RDMA (Remote Direct Memory Access) is a technology that allows data to be transferred directly from the memory of one computer to another over a network, without involving the CPU or operating system of the computers. This technology provides low-latency, high-bandwidth, and low-CPU overhead data transfers between systems.
CVE-2021-3608 is a security vulnerability in the QEMU hypervisor that allows an attacker with administrative privileges in a guest virtual machine to execute arbitrary code on the host system.
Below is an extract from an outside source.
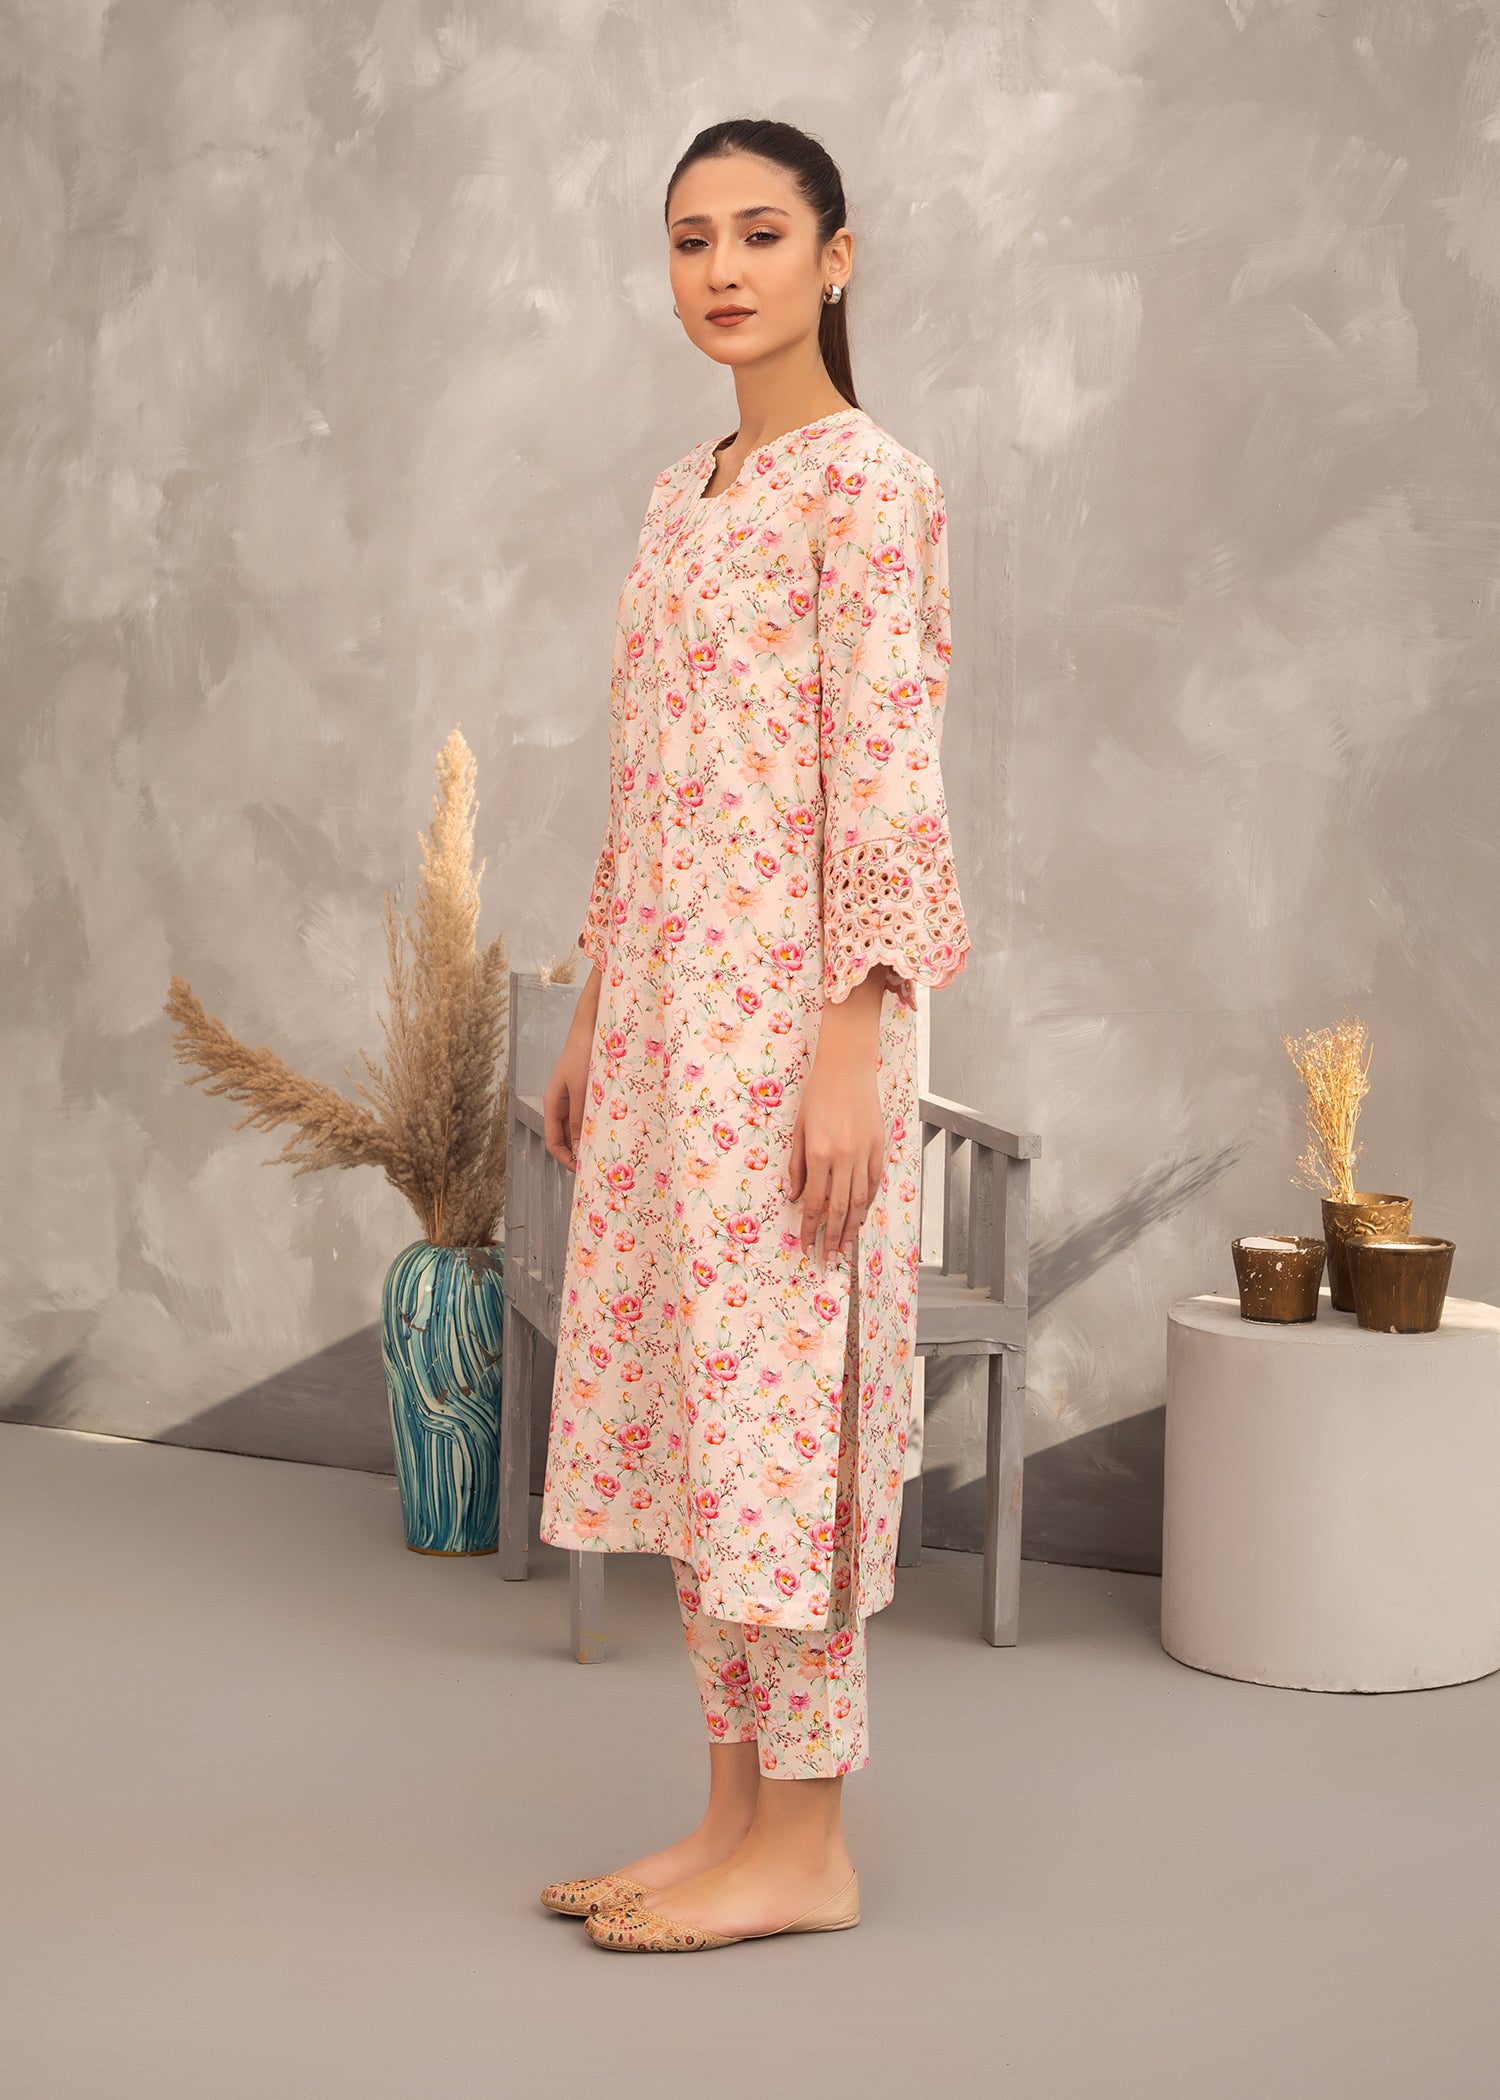 Off White & Pink Printed Lawn Suit

The vulnerability exists due to a memory leak in the code that handles para-virtualized RDMA connections in the QEMU. An attacker can exploit this vulnerability by sending specially crafted RDMA packets from the guest virtual machine to the QEMU hypervisor, causing a heap buffer overflow in the QEMU and allowing the attacker to execute arbitrary code on the host system.
In this attack scenario, the guest virtual machine is the attacker, and it exploits the vulnerability in the QEMU hypervisor to break out of the virtualization environment and gain code execution on the host system. The use of para-virtualized RDMA connections allows the attacker to directly communicate with the hypervisor and trigger the vulnerability. This attack can be mitigated by patching the vulnerable QEMU version or by disabling para-virtualized RDMA connections in the QEMU configuration.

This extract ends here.